**Supplied material:**
····················

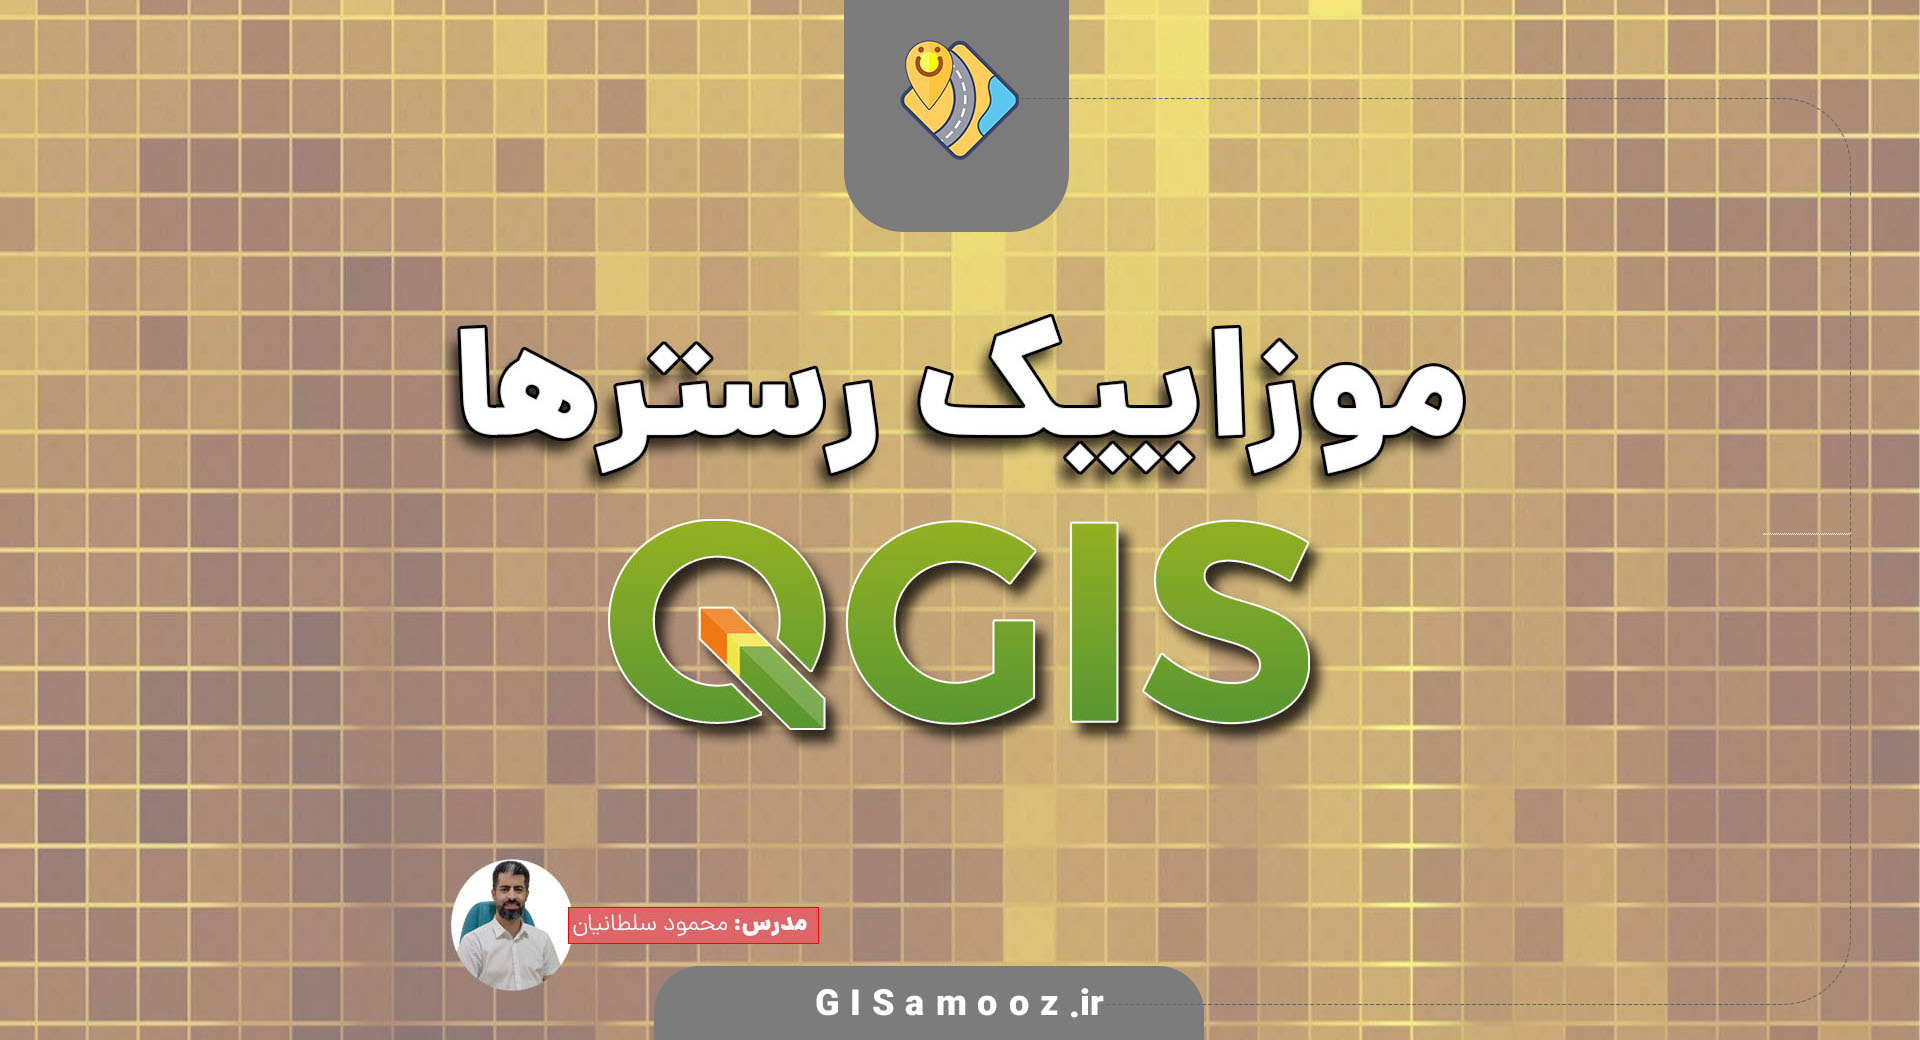 موزاییک فایلهای رستری در QGIS
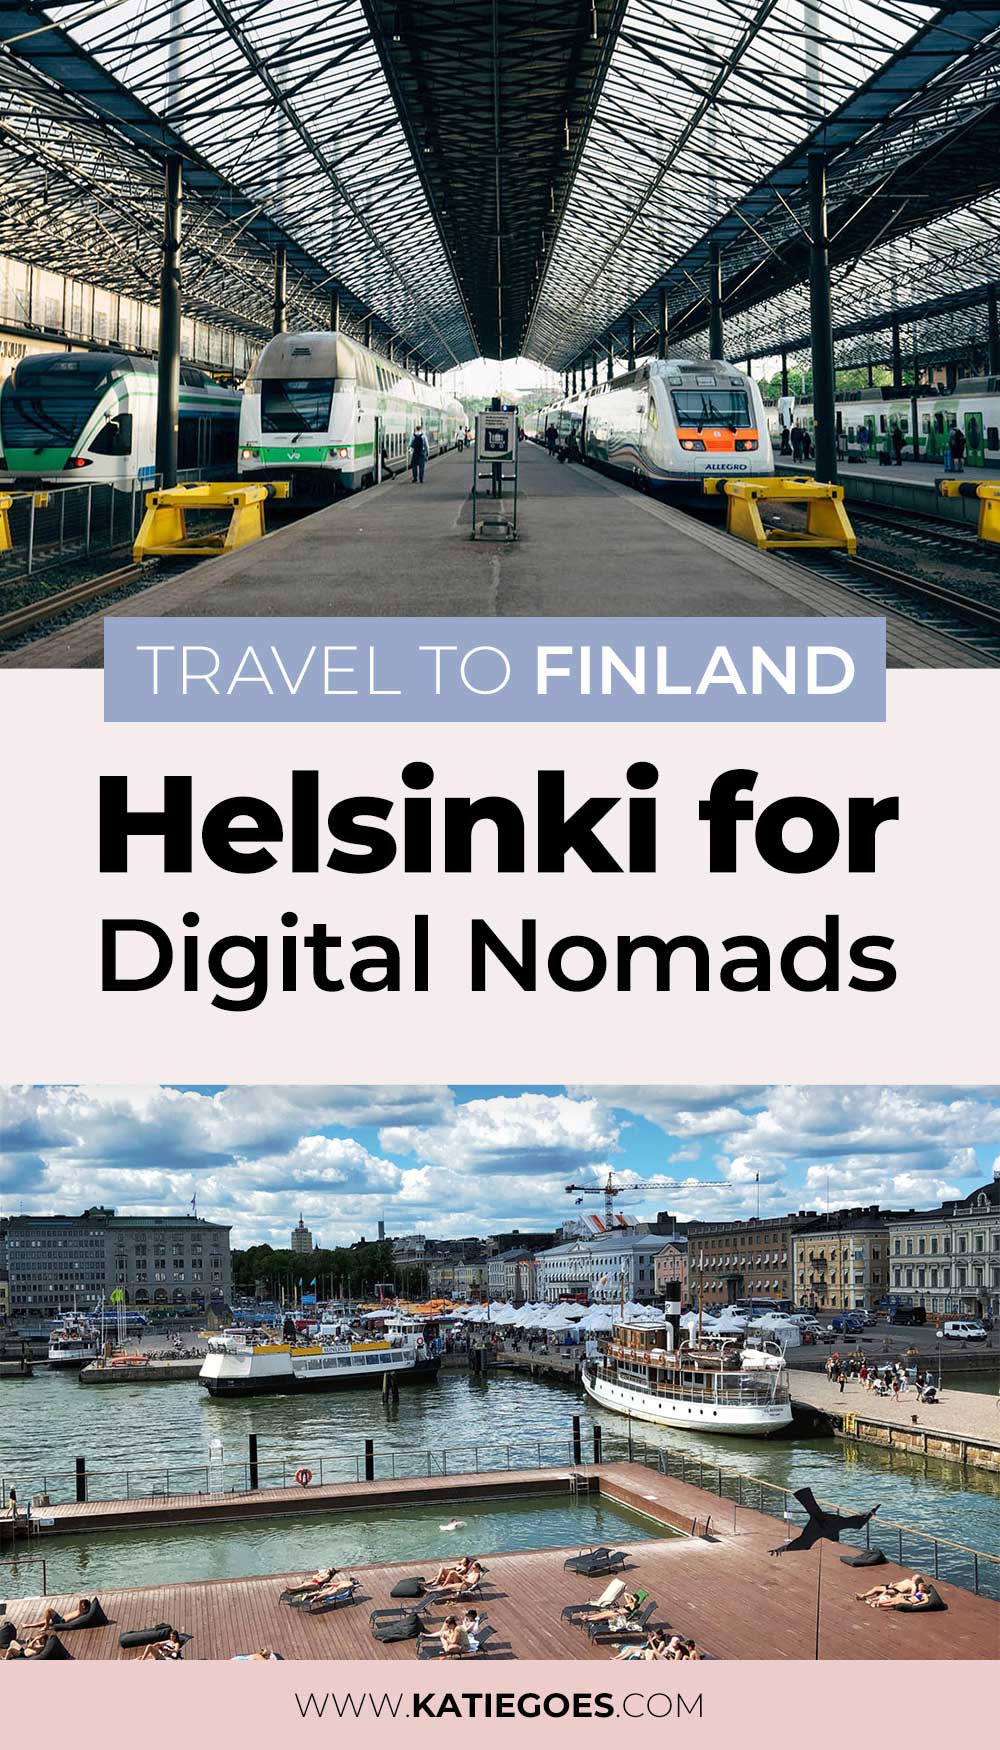 Helsinki for Digital Nomads: Travel to Finland
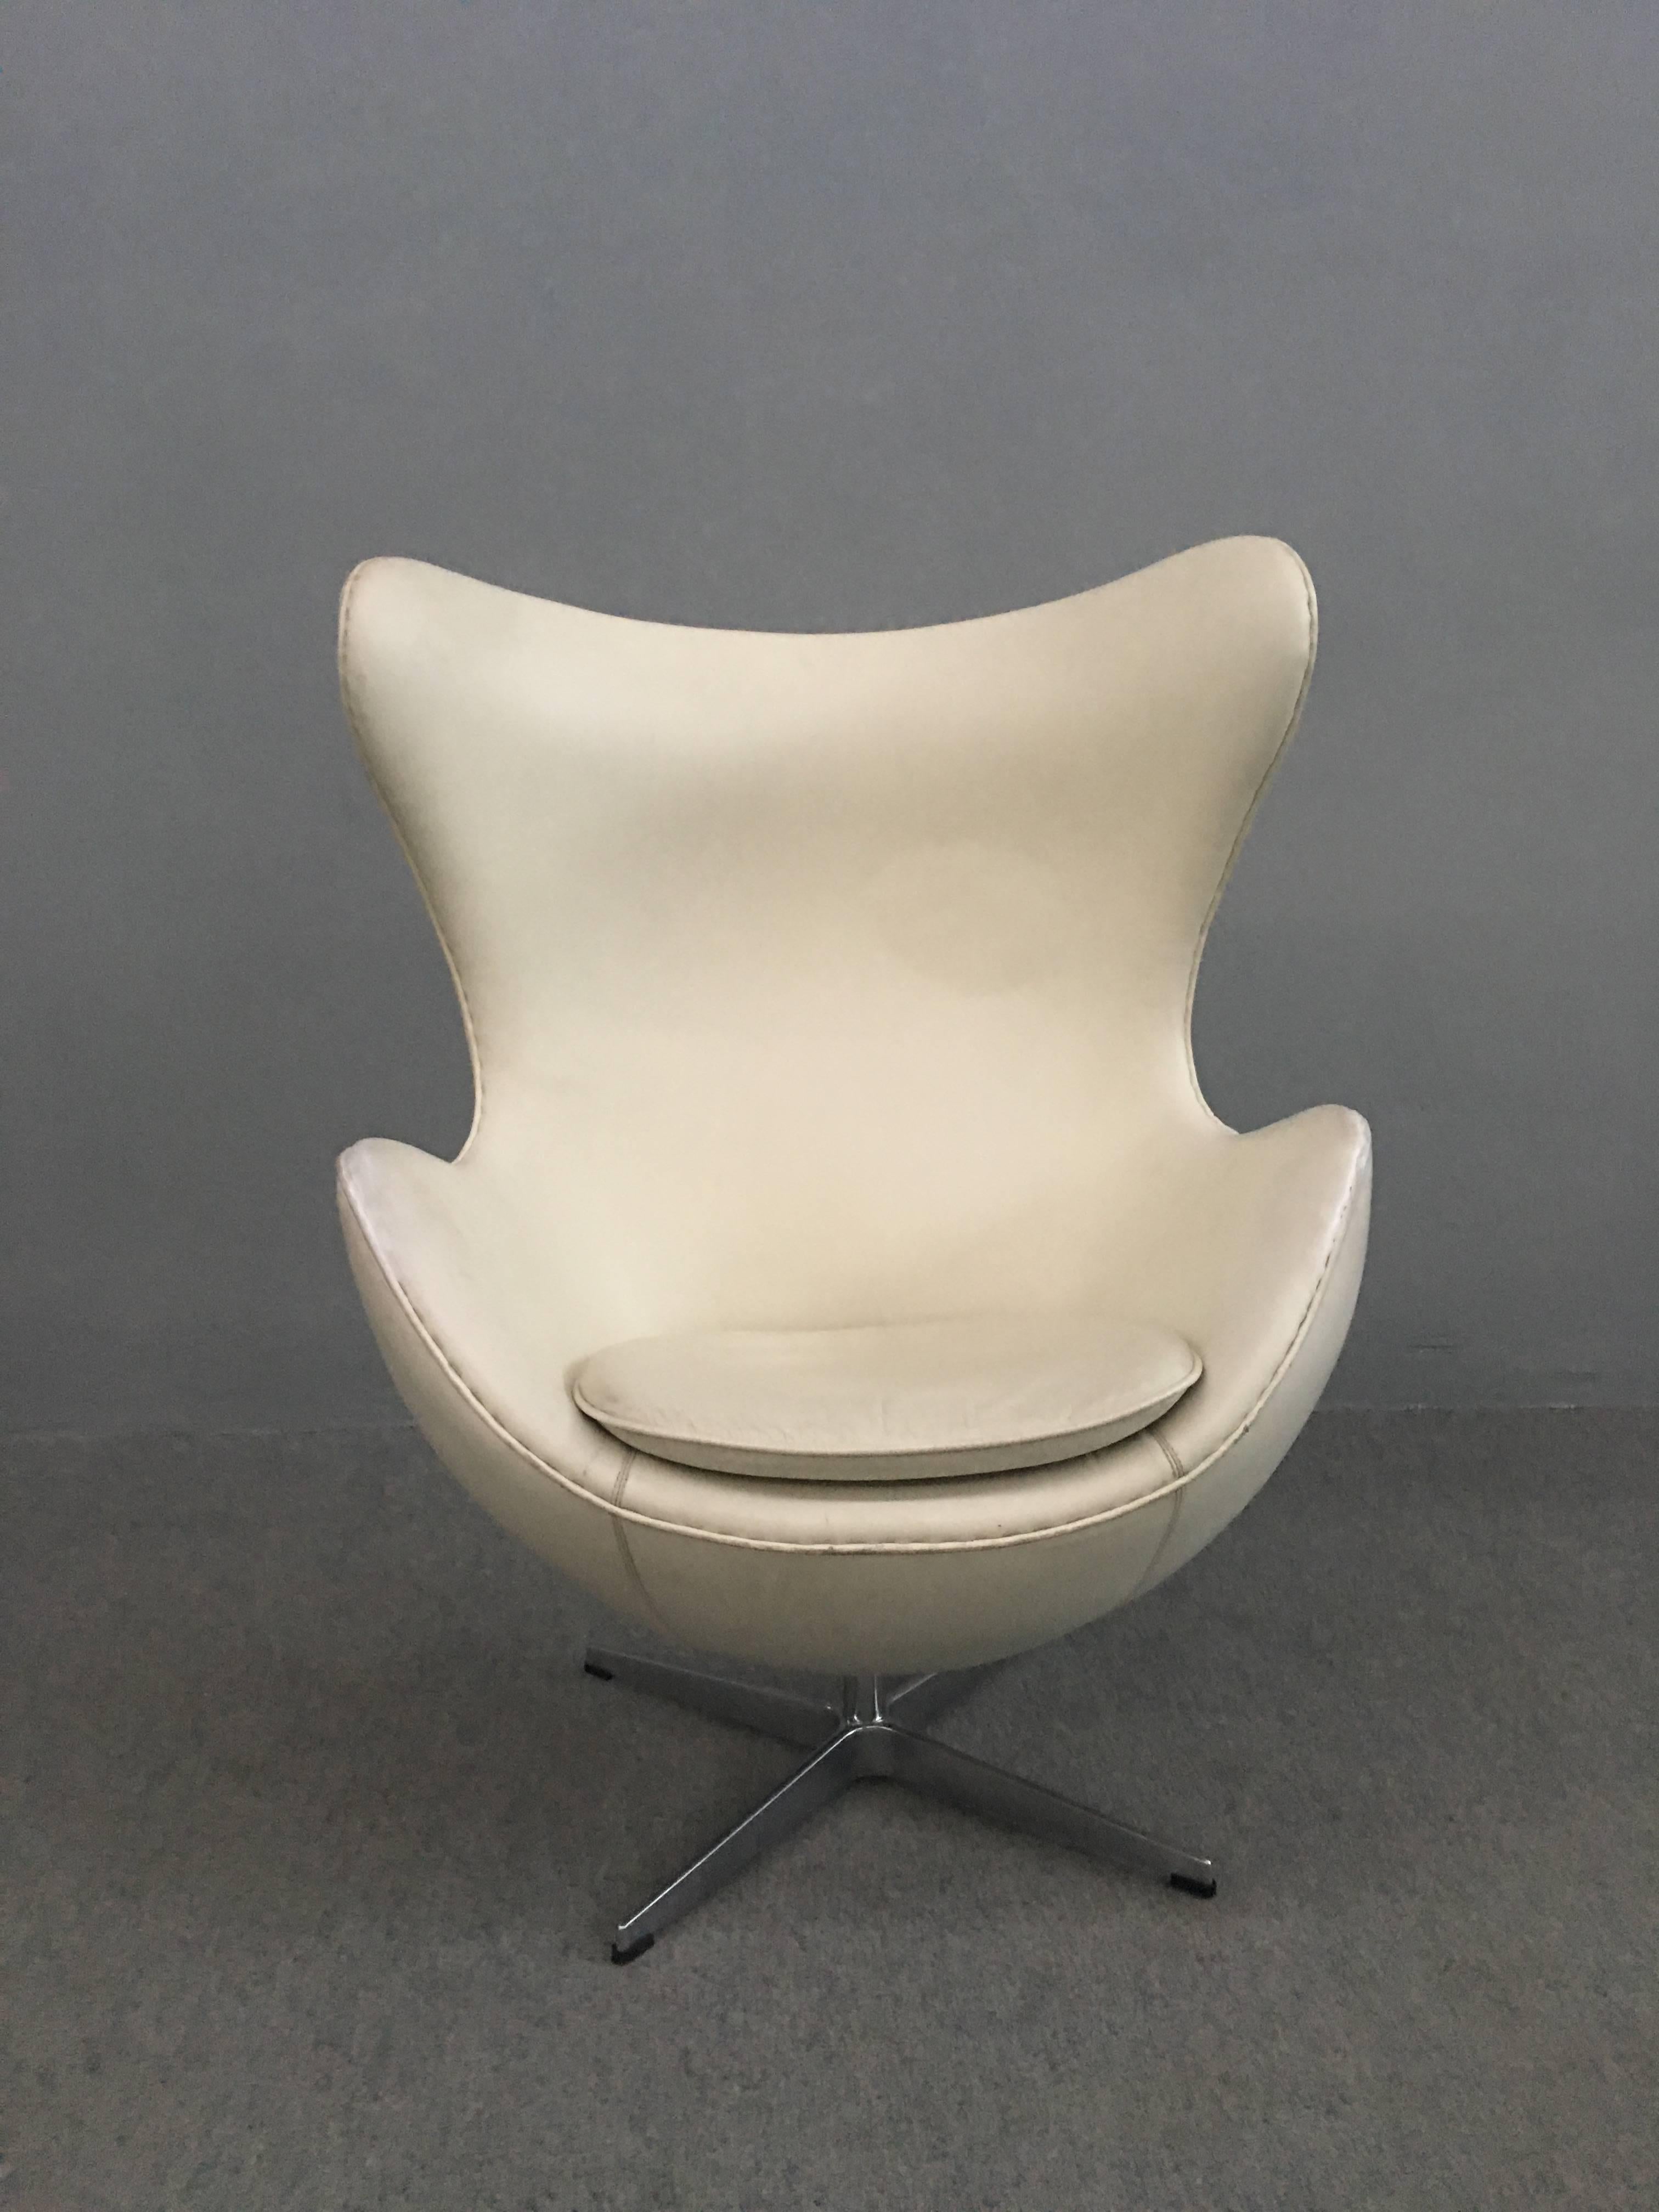 Danish Egg Chair by Arne Jacobsen

····················

What is needed is the data above, retyped exactly, with every picture left out.

 موزاییک فایلهای رستری در QGIS
 Helsinki for Digital Nomads: Travel to Finland
 Danish Egg Chair by Arne Jacobsen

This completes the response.